### TRY IT
Set down the full listing below word for word; pictures stay out of the copy.

### STORED DATA
- - - - - - -

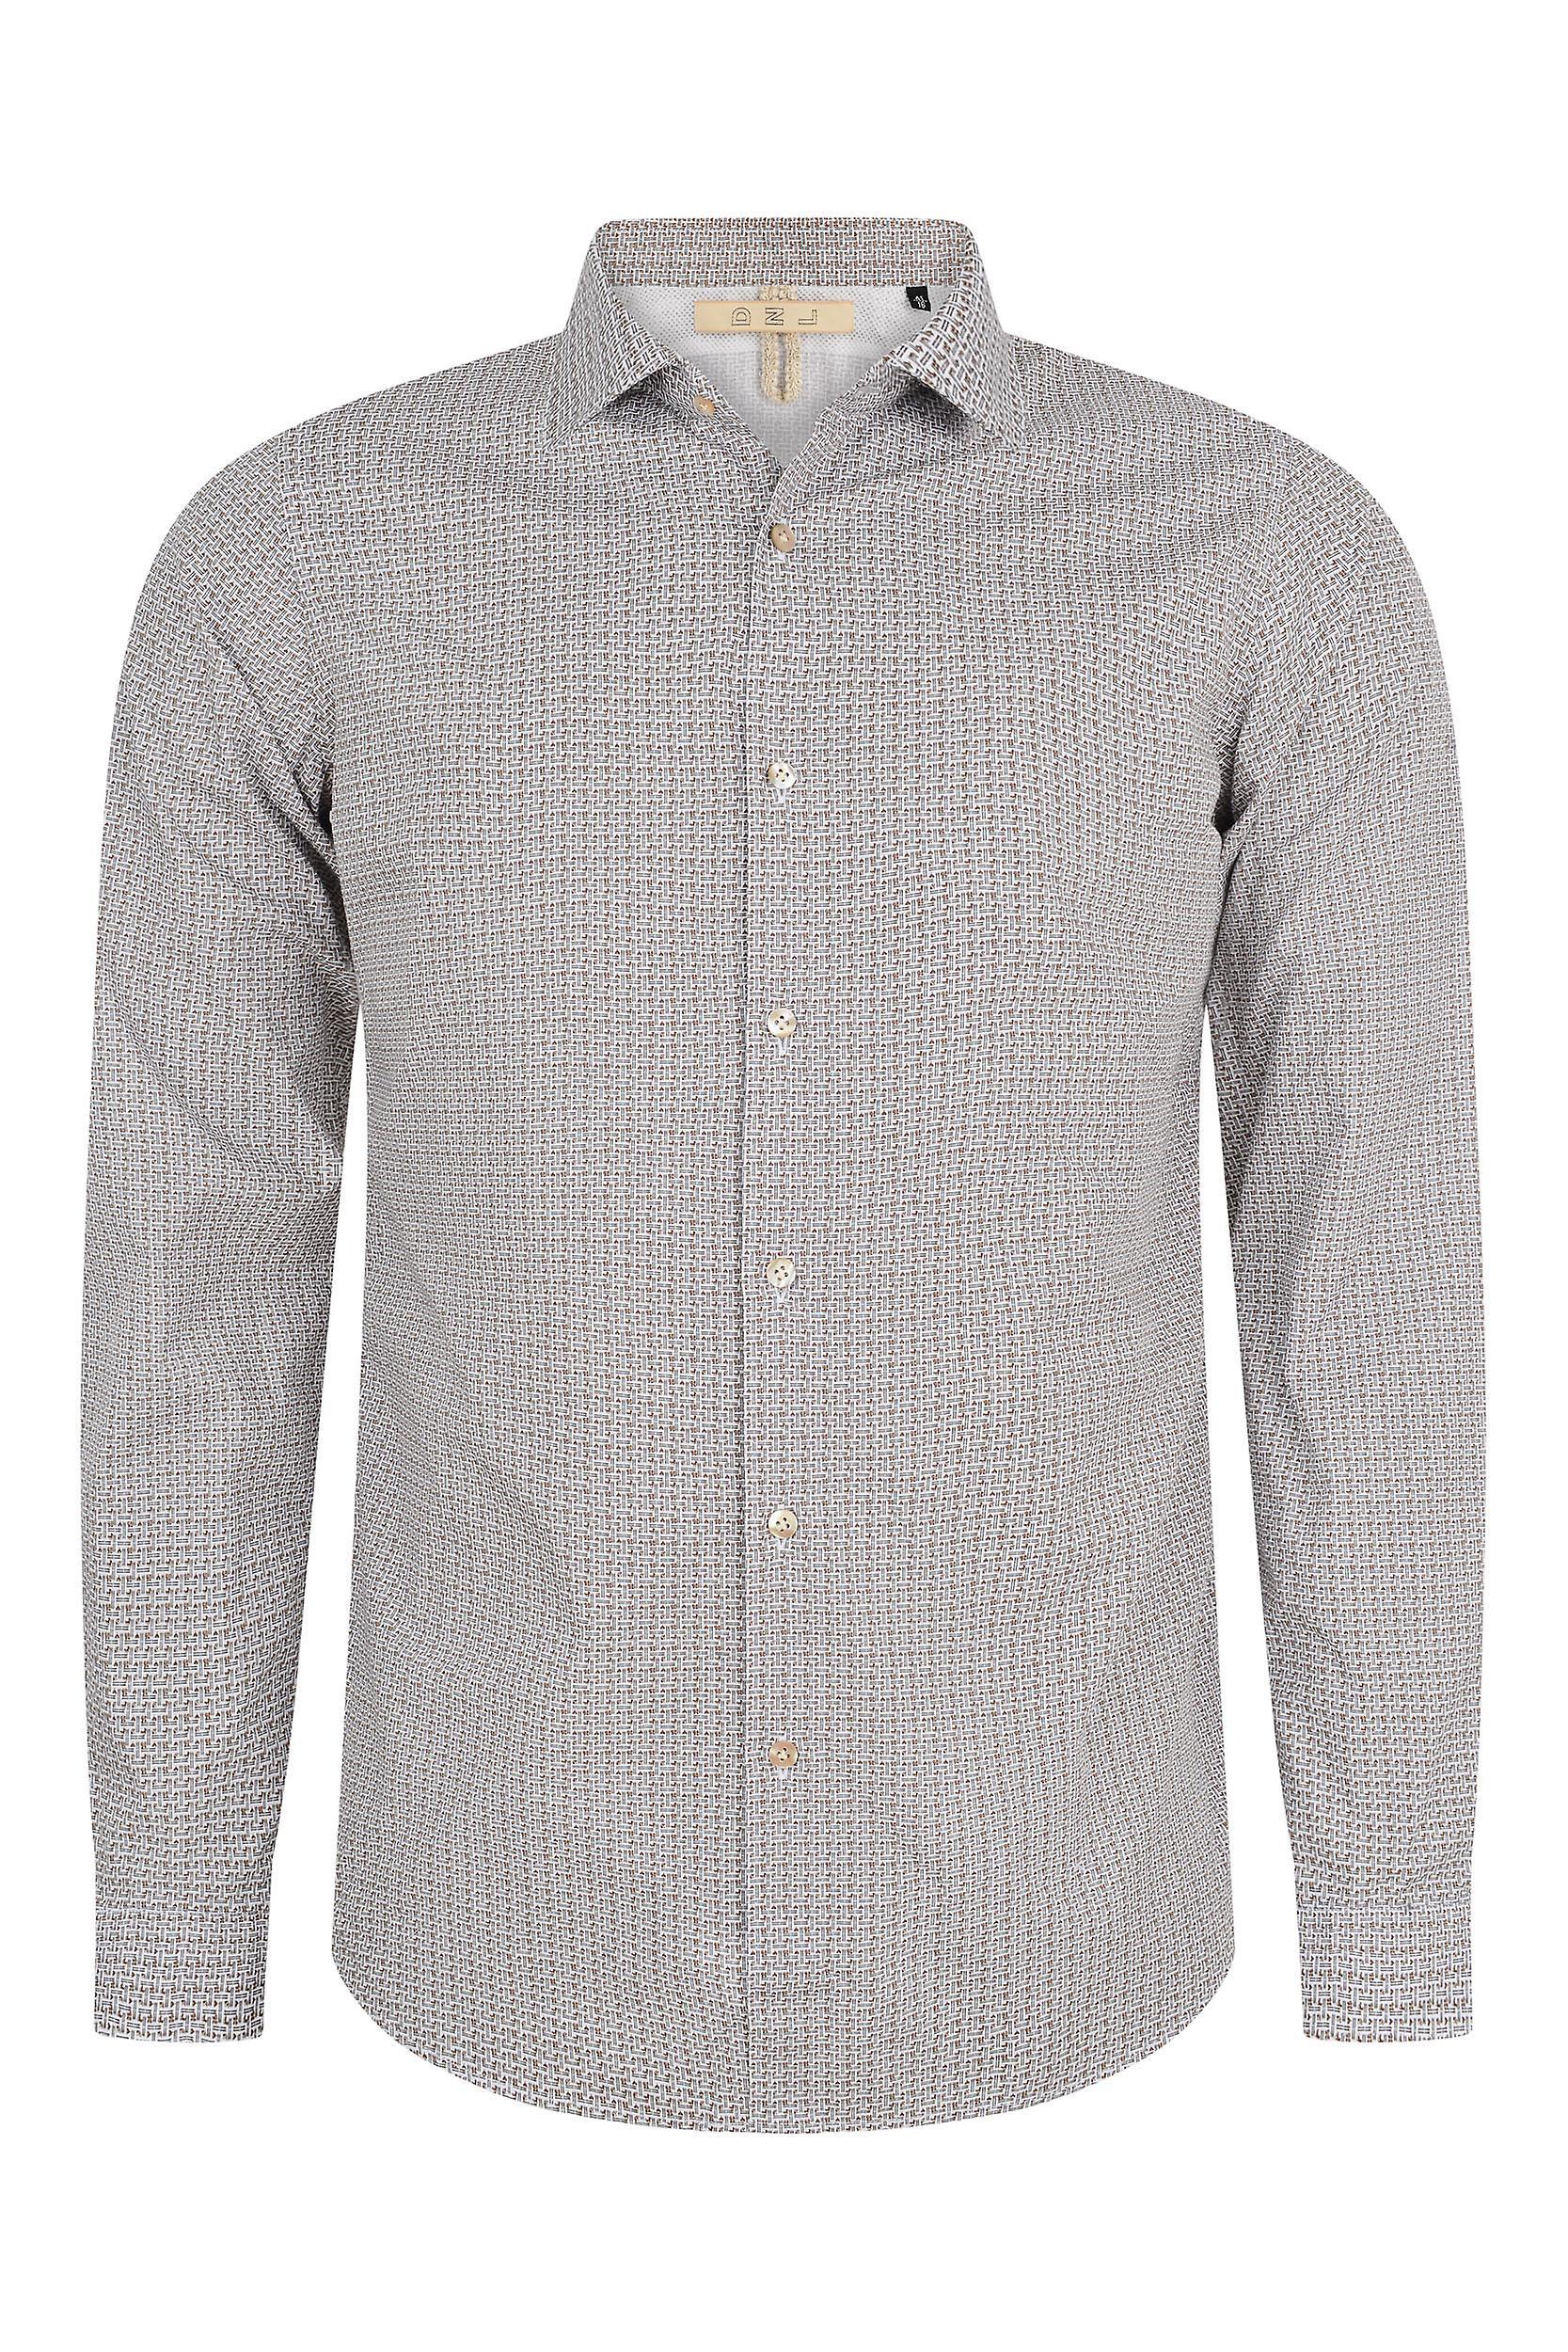 Fabio Giovanni Anzano Shirt - Mens High Quality Crisp Italian Cotton Poplin Shirt
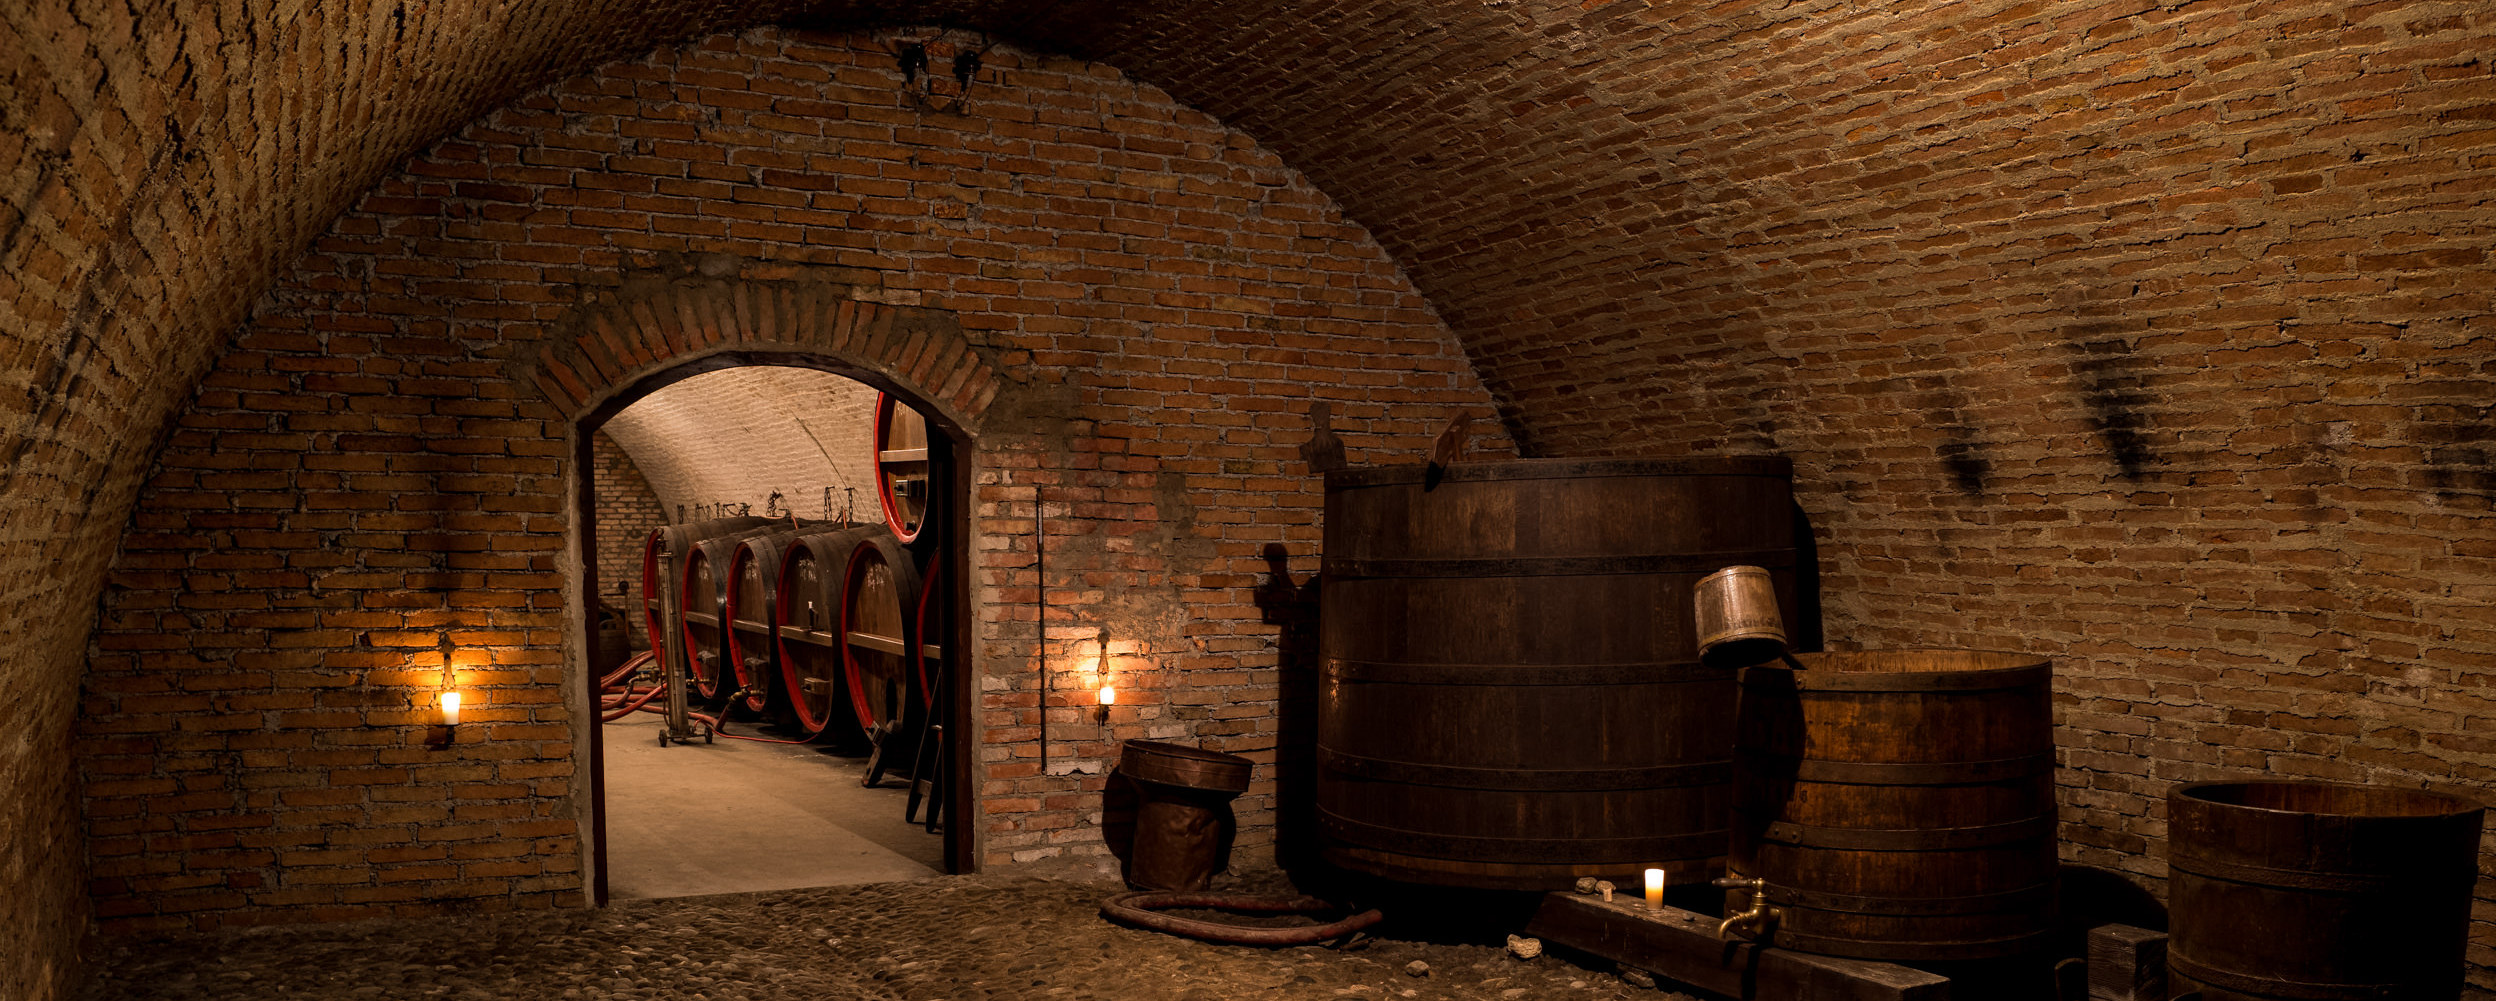 Besuch in den bierigen Katakomben
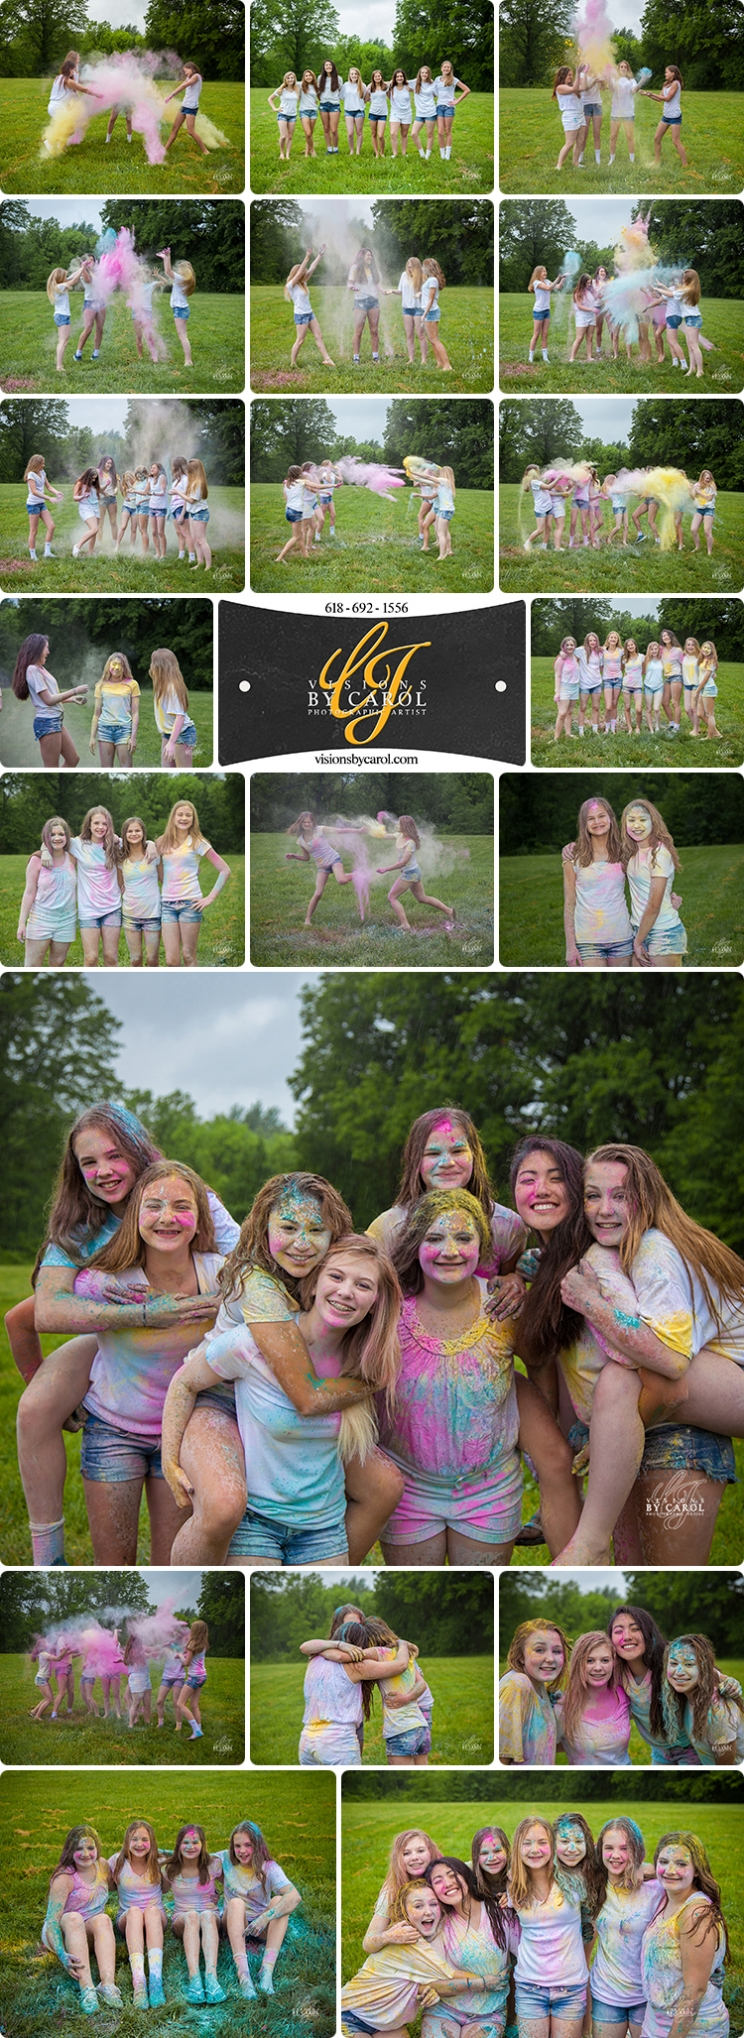 Powder Girls

- - - - - - -

### REPLY TO THE TASK
 Fabio Giovanni Anzano Shirt - Mens High Quality Crisp Italian Cotton Poplin Shirt
 Besuch in den bierigen Katakomben
 Powder Girls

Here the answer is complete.